Re: Trying to understand why a query is filtering when there is a composite index - Mailing list pgsql-performance

From Shiv Iyer
Subject Re: Trying to understand why a query is filtering when there is a composite index
Date
Msg-id CAALLqt-xk0ckt9s_9OvsNfcFZOxgo4QdpkxoWz6xne7Y7OGDdg@mail.gmail.com
Whole thread Raw
In response to Trying to understand why a query is filtering when there is a composite index  ("Stephen Samuel (Sam)" <sam@sksamuel.com>)
List pgsql-performance
Hello, 

The query's behavior is expected due to how PostgreSQL handles composite indexes and MVCC. The index on `(a, b)` is used efficiently for the `a` condition, but the `b IN (<ids>)` filter is more complex, leading to additional filtering rather than direct index usage. Although the index-only scan is utilized, heap fetches still occur to verify tuple visibility, a necessary step when the visibility map doesn’t confirm visibility or to apply the `b` filter accurately. This is standard in PostgreSQL’s handling of such queries, ensuring data consistency and accuracy. Performance remains good, but these heap fetches could be optimized if needed by reconsidering the index structure or query design. Thank you! 
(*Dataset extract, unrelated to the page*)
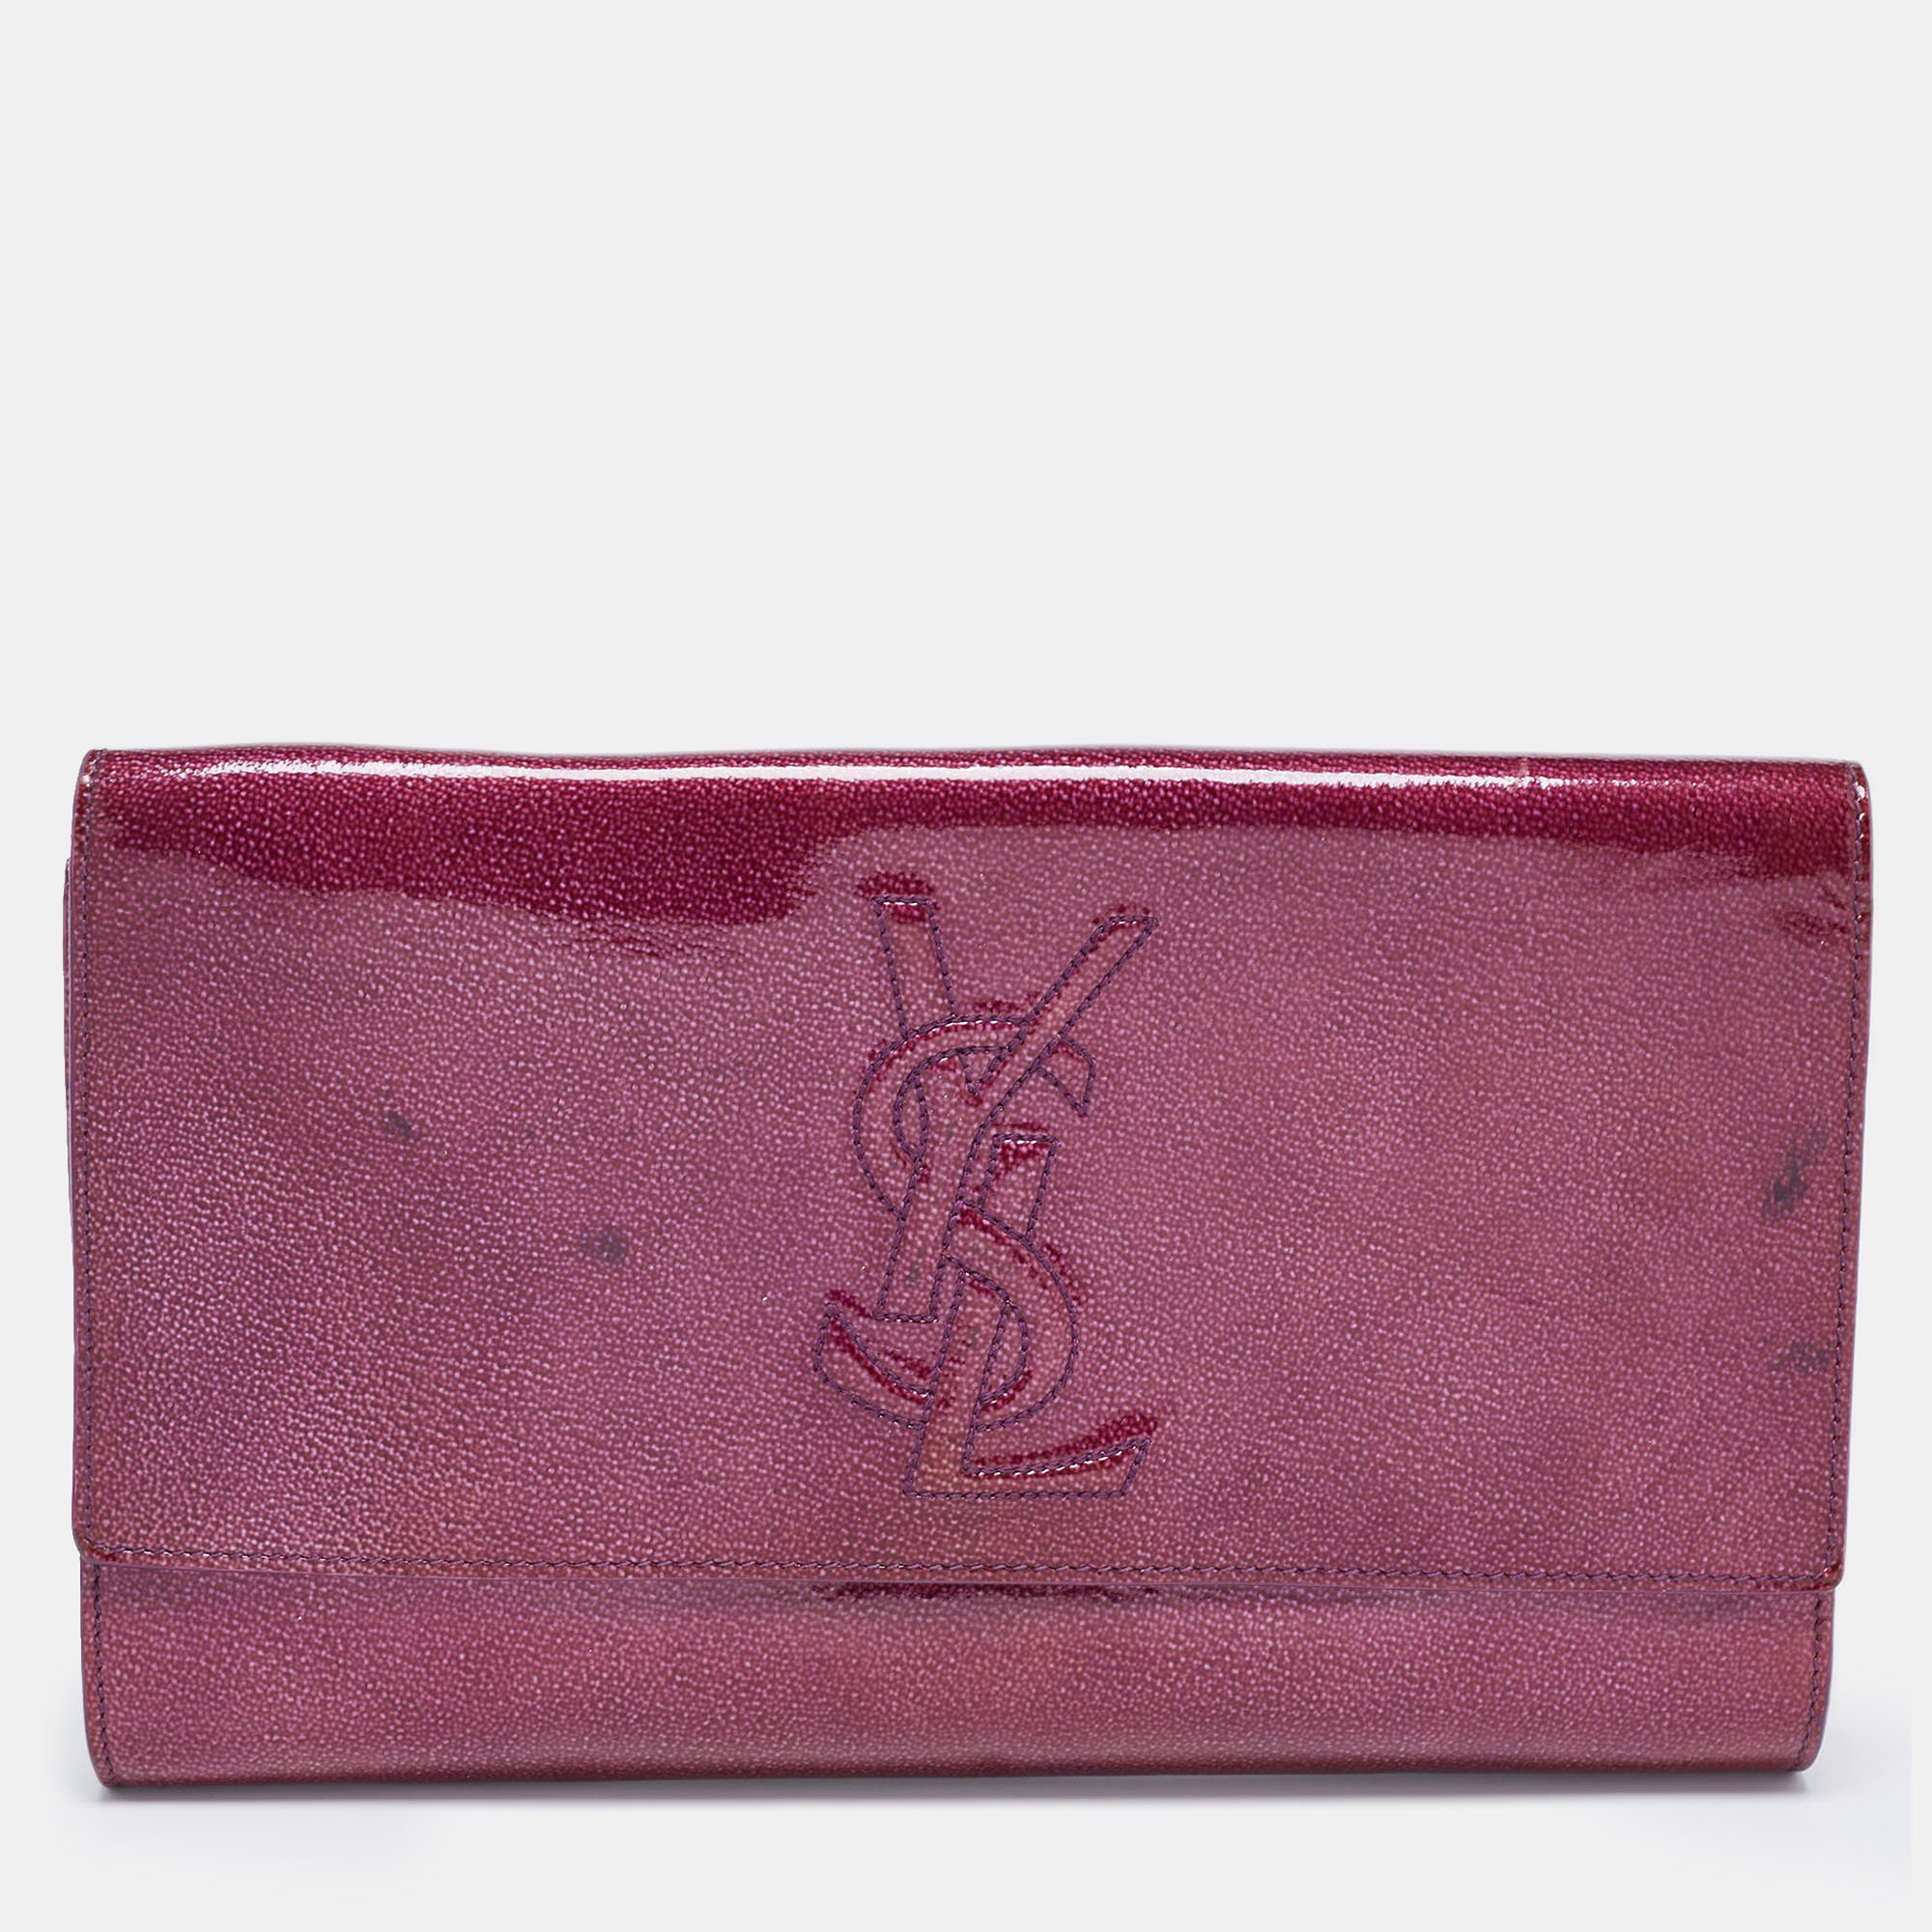 Pre-owned Saint Laurent Purple Patent Leather Belle De Jour Flap Clutch
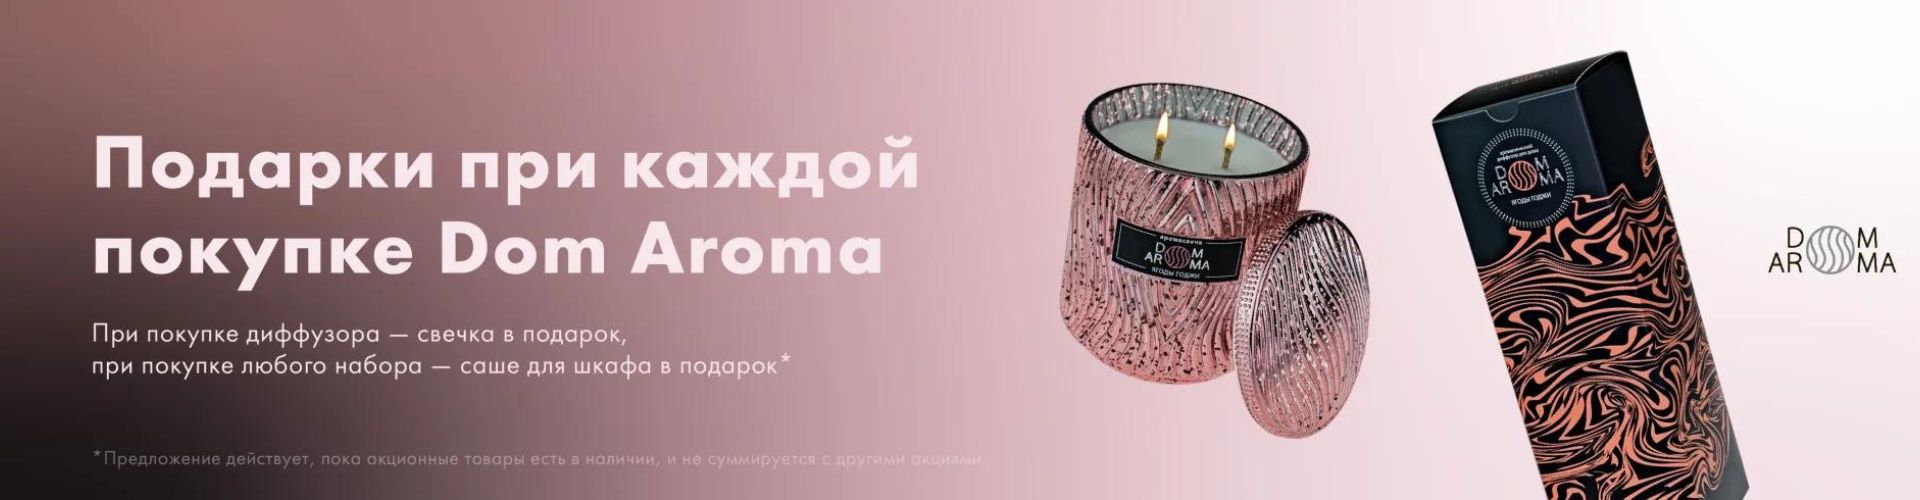 Подарки при каждой покупке Dom Aroma в Evita

On Mon, Aug 19, 2024 at 7:26 AM Stephen Samuel (Sam) <sam@sksamuel.com> wrote:
Hi folks.

I have a table with 4.5m rows per partition (16 partitions) (I know, very small, probably didn't need to be partitioned).

The table has two columns, a bigint and b text.
There is a unique index on (a,b)
The query is:

SELECT b
FROM table
WHERE a = <id>
AND b IN (<ids>)

The visibility map is almost exclusively true.
This table gets few updates.

The planner says index only scan, but is filtering on b.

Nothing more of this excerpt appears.